Rand hob die Zügel an und stieß Jeade'en die Fersen in die Seiten. Als der Schecke antrabte, setzten sich auch die ihn umgebenden Aiel in Bewegung. Heute morgen waren es Bergtänzer, Hama N'dore, von denen mehr als die Hälfte das Stirnband der Siswai'aman trug. Caldin, bereits ergraut und zäh, hatte Rand zu überreden versucht, ihn mehr als zwanzig Männer einbringen zu lassen, wo doch so viele bewaffnete Feuchtländer in der Nähe waren. Keiner der Aiel verschwendete Zeit mit verächtlichen Blicken auf Rands Schwert. Nandera verbrachte mehr Zeit damit, die zweihundert seltsamen Frauen zu beobachten, die ihnen zu Pferde folgten. Sie schien die saldaeanischen Damen und die Frauen der Offiziere als bedrohlicher zu empfinden als die Soldaten, und da Rand einigen der saldaeanischen Frauen begegnet war, war er nicht bereit, darüber zu streiten. Sulin hätte wahrscheinlich darüber gestritten. Ihm fiel auf, daß er Sulin nicht mehr gesehen hatte seit ... seit seiner Rückkehr aus Shadar Logoth. Vor acht Tagen. Er fragte sich, ob er sie irgendwie beleidigt hatte.

Aber es war keine Zeit, sich über Sulin oder Ji'e'toh Gedanken zu machen. Er umrundete das Tal, bis er den Hügelkamm erreichte, über den er die Saldaeaner zuerst hatte auftauchen sehen. Bashere selbst war ungefähr dort hinabgeritten und hatte zunächst eine Gruppe überprüft, während sie voranritt, und dann eine weitere. Fast zufällig tat er dies auf seinem Sattel stehend.

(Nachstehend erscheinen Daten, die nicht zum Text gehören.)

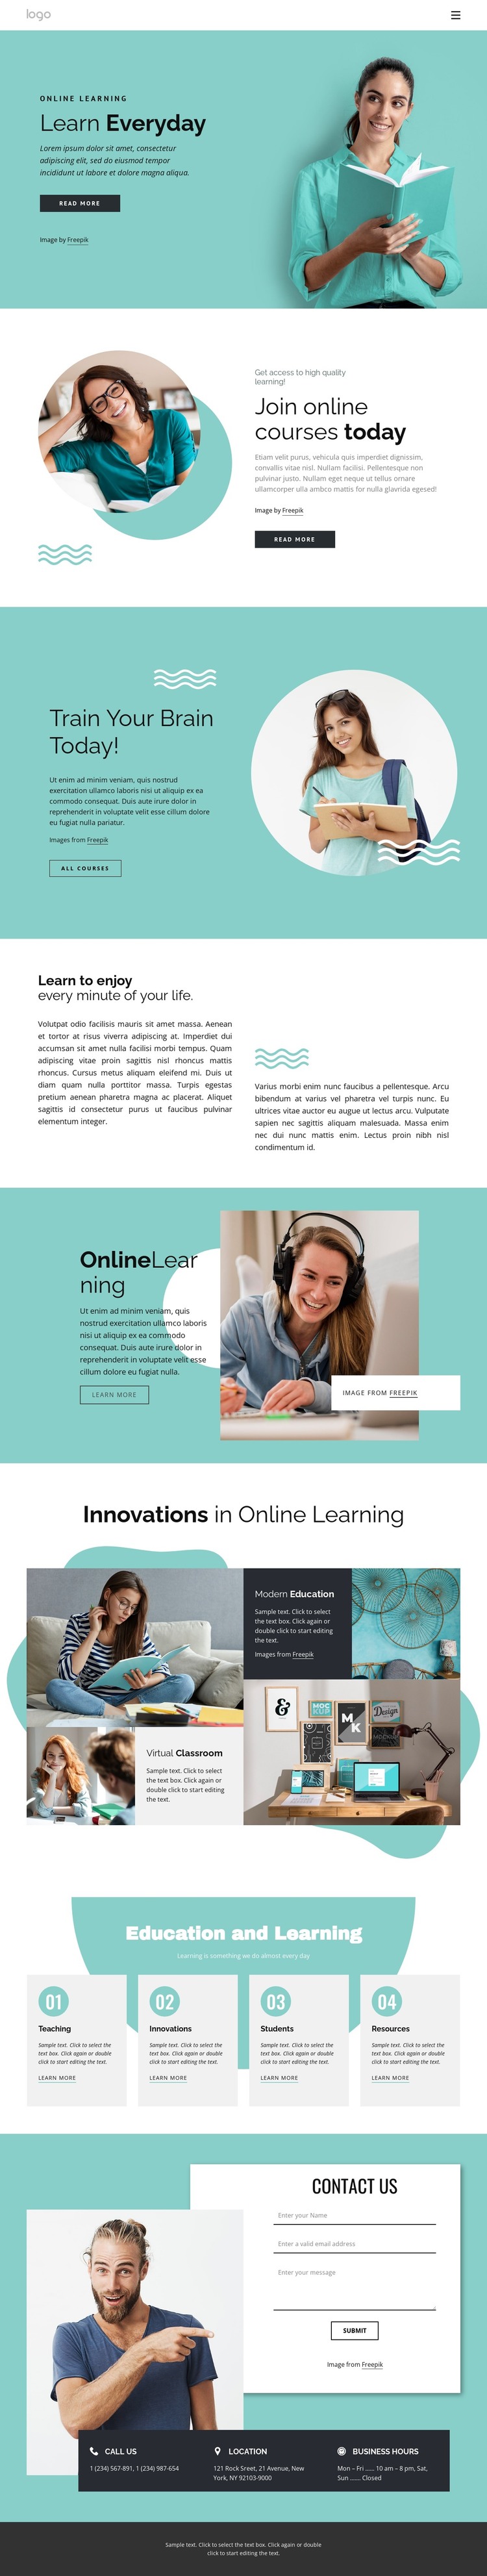 Learning is a lifelong process HTML Template

Einen Moment ergriff Rand Saidin und ließ es einen Herzschlag später wieder fahren. Da seine Sicht gesteigert war, war es nicht schwierig, die beiden weißen Steine nahe dem Fuß des Hügels liegen zu sehen, genau dort, wo Bashere sie in der vorigen Nacht vier Schritt auseinander selbst hingelegt hatte. Mit etwas Glück hatte ihn niemand gesehen. Mit etwas Glück würde niemand zu viele Fragen über diesen Morgen stellen. Unter ihm ritten jetzt einige Männer zwei Pferde, jeweils einen Fuß auf jedem Sattel und noch immer in schnellem Galopp. Andere trugen einen Mann auf ihren Schultern, manchmal im Handstand.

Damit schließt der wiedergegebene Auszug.